At 11:58 AM 4/12/02 -0400, Lars Eggert wrote:
>Mark Duffy wrote:
>> Consider a hypothetical device that has 2 conventional interfaces and
>also
>> implements an overlay network using IPsec to implement a single
>virtual
>> interface.  The device does not have any IPsec policy (SPD) active on
>the
>> conventional interfaces (all packets are "pass").  A forwarding
>decision
>> (e.g.

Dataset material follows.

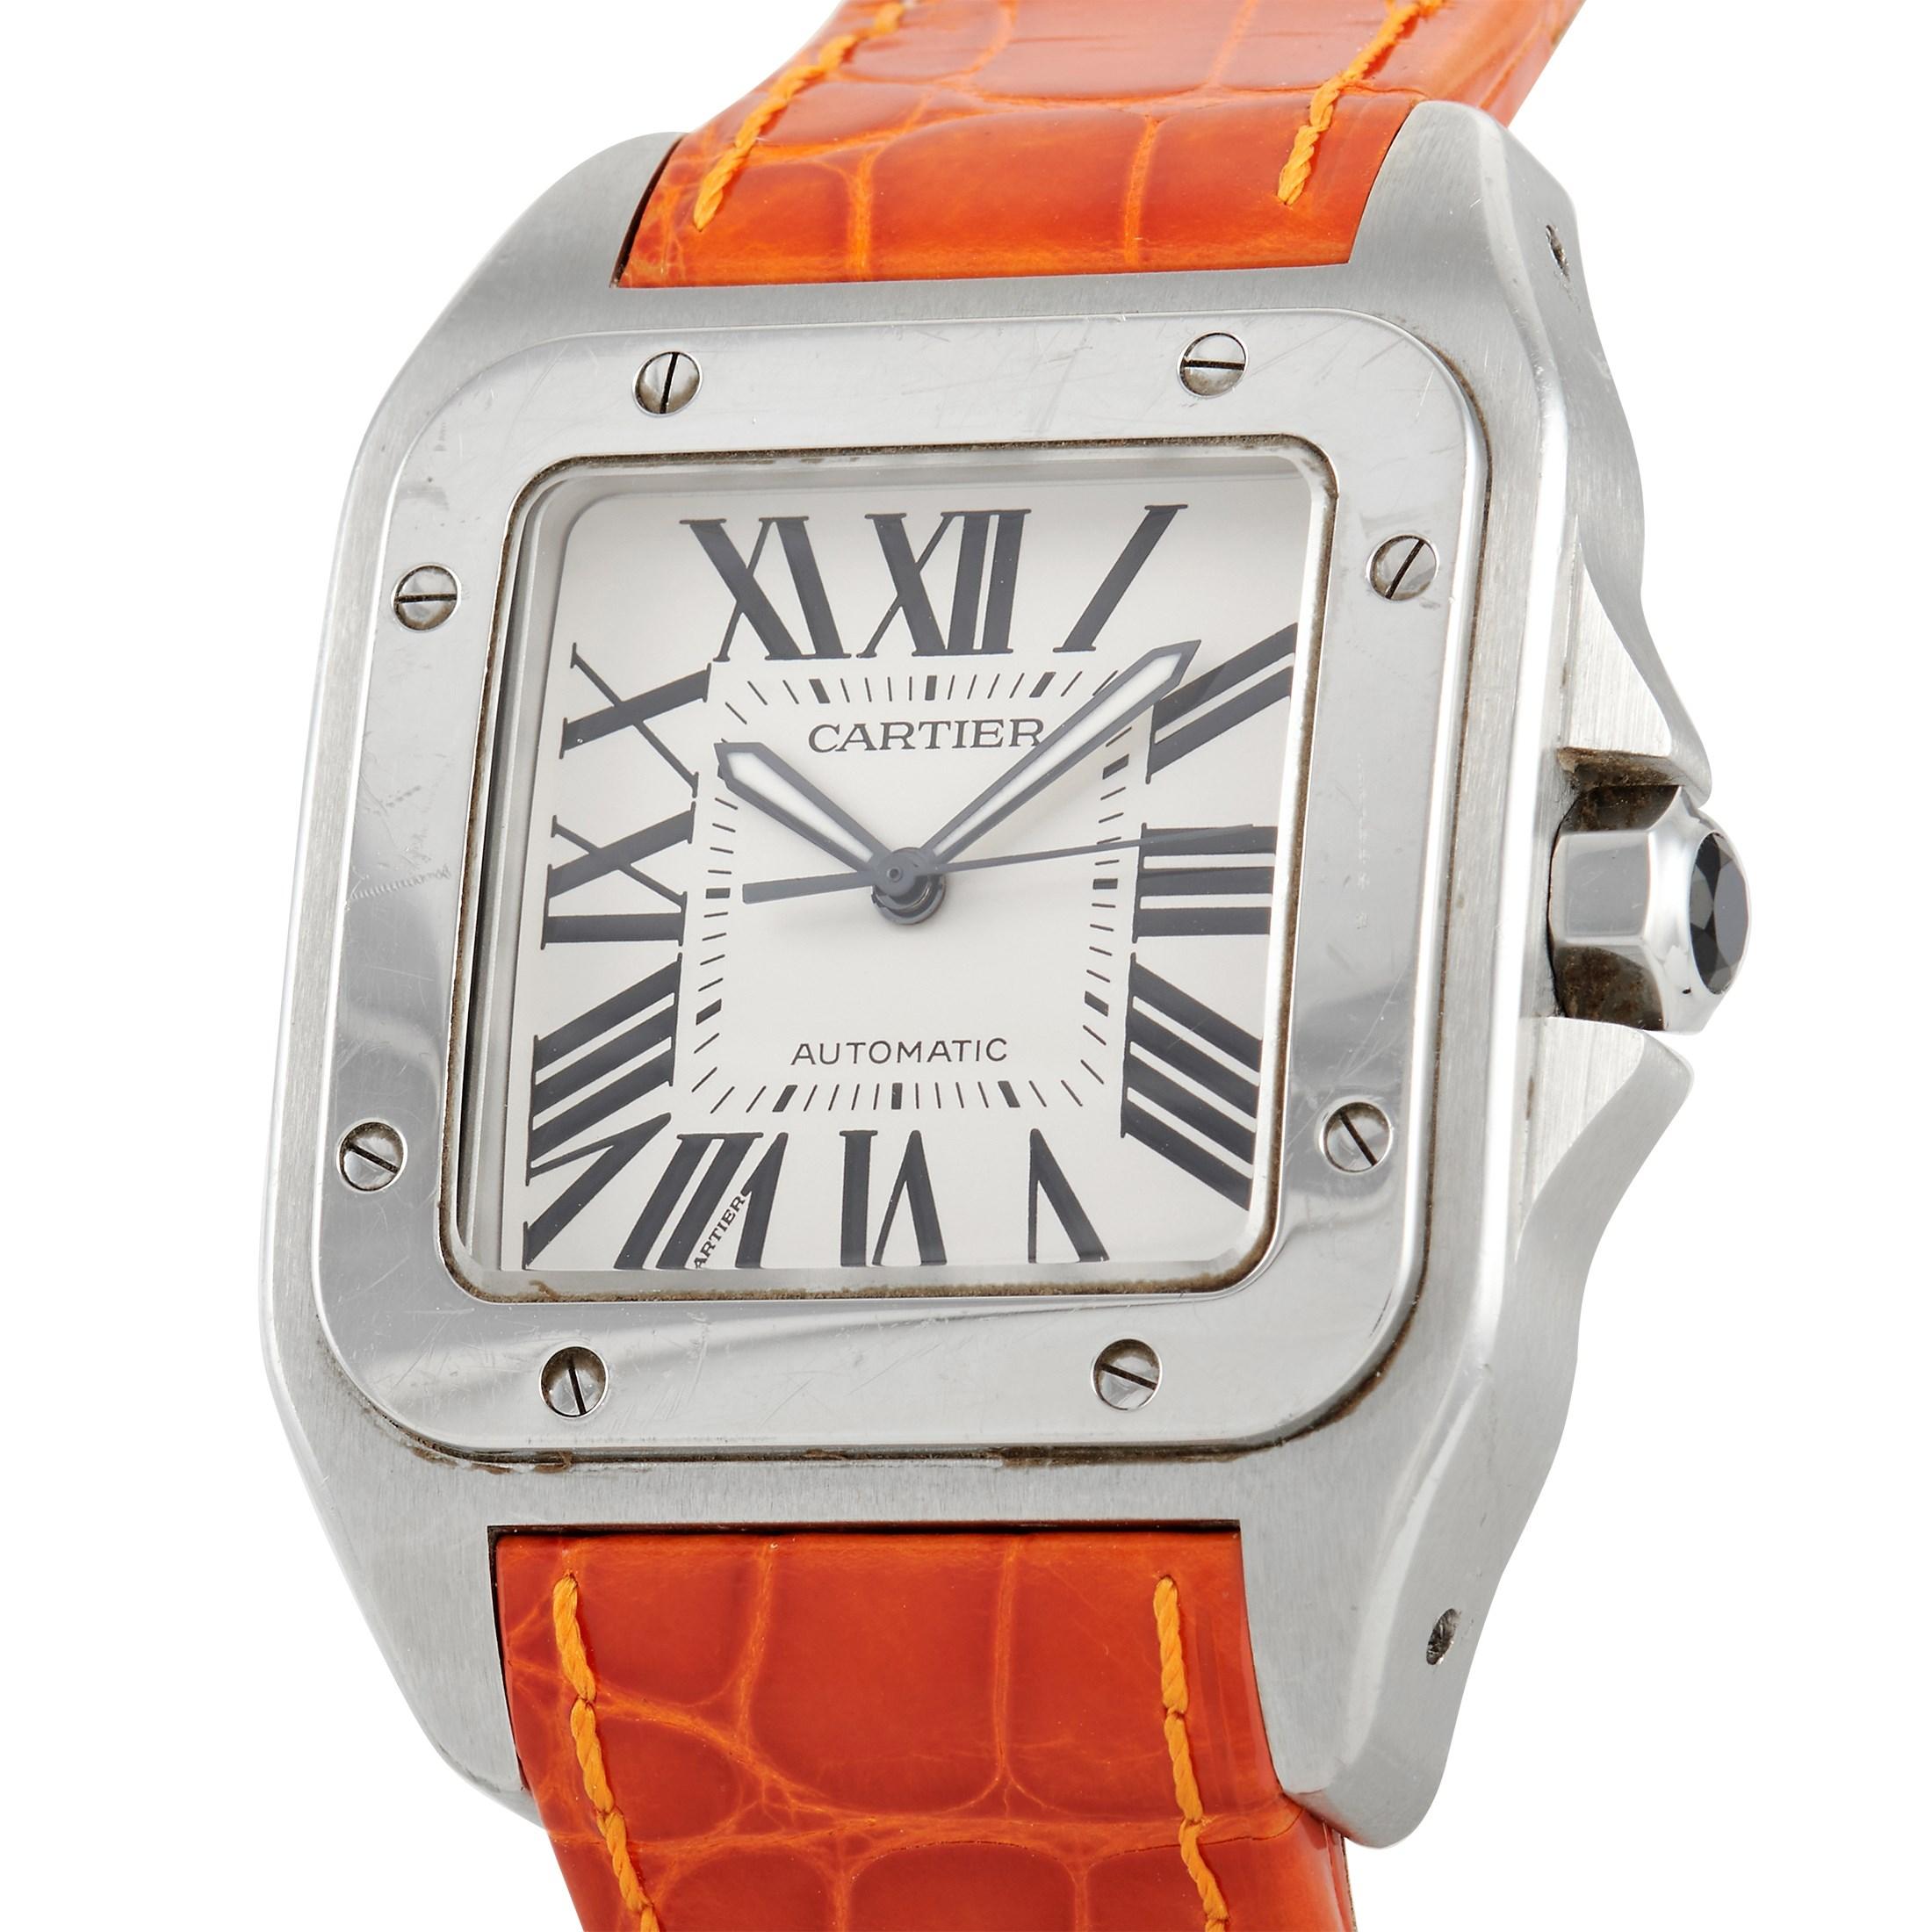 The Cartier Santos 100 XL Watch, reference number 2656, is bold, colorful, and impossible to ignore. 

On this watch, a square 38mm case made from Stainless Steel comes to life thanks to the screw-down accents located on the bezel. On the classic

L3 routing) is made in the overlay context to send a particular
>> packet out via the virtual interface.  The SPD associated with  the
>virtual
>> interface is consulted and it contains a single entry with wildcard
>> selectors (match all packets) that says apply tunnel mode IPsec to all
>> packets and send them to remote peer p1 (addressed in the non-overlay
>> space).  An SA is negotiated using IKE, if it does not already exists.
>The
>> packet is encapsulated in a tunnel mode IPsec packet whose destination
>> address is p1.  That packet is then processed as a "new" packet by the
>L3
>> forwarding in the non-overlay context.  L3 forwarding selects one of
>the
>> conventional interfaces as the exit interface and the packet is sent.
>
>In this example the "interface" is a do-nothing pseudo construct that 
>serves no other purpose than holding a tunnel mode SA (see section 3.2 
>of our ID for a discussion). This approach requires a different pseudo 
>interface for each SA, and each SA associated with such an interface 
>MUST be tunnel mode.

I understand your words but I don't think I understand your overall point
here.  The reason we create such a virtual interface, is because *we want
to* so that we can represent it as the next hop for IP routes in a
forwarding table, and also so we can run an IGP over it.  In fact, I think
that is the basic problem we are trying to solve here.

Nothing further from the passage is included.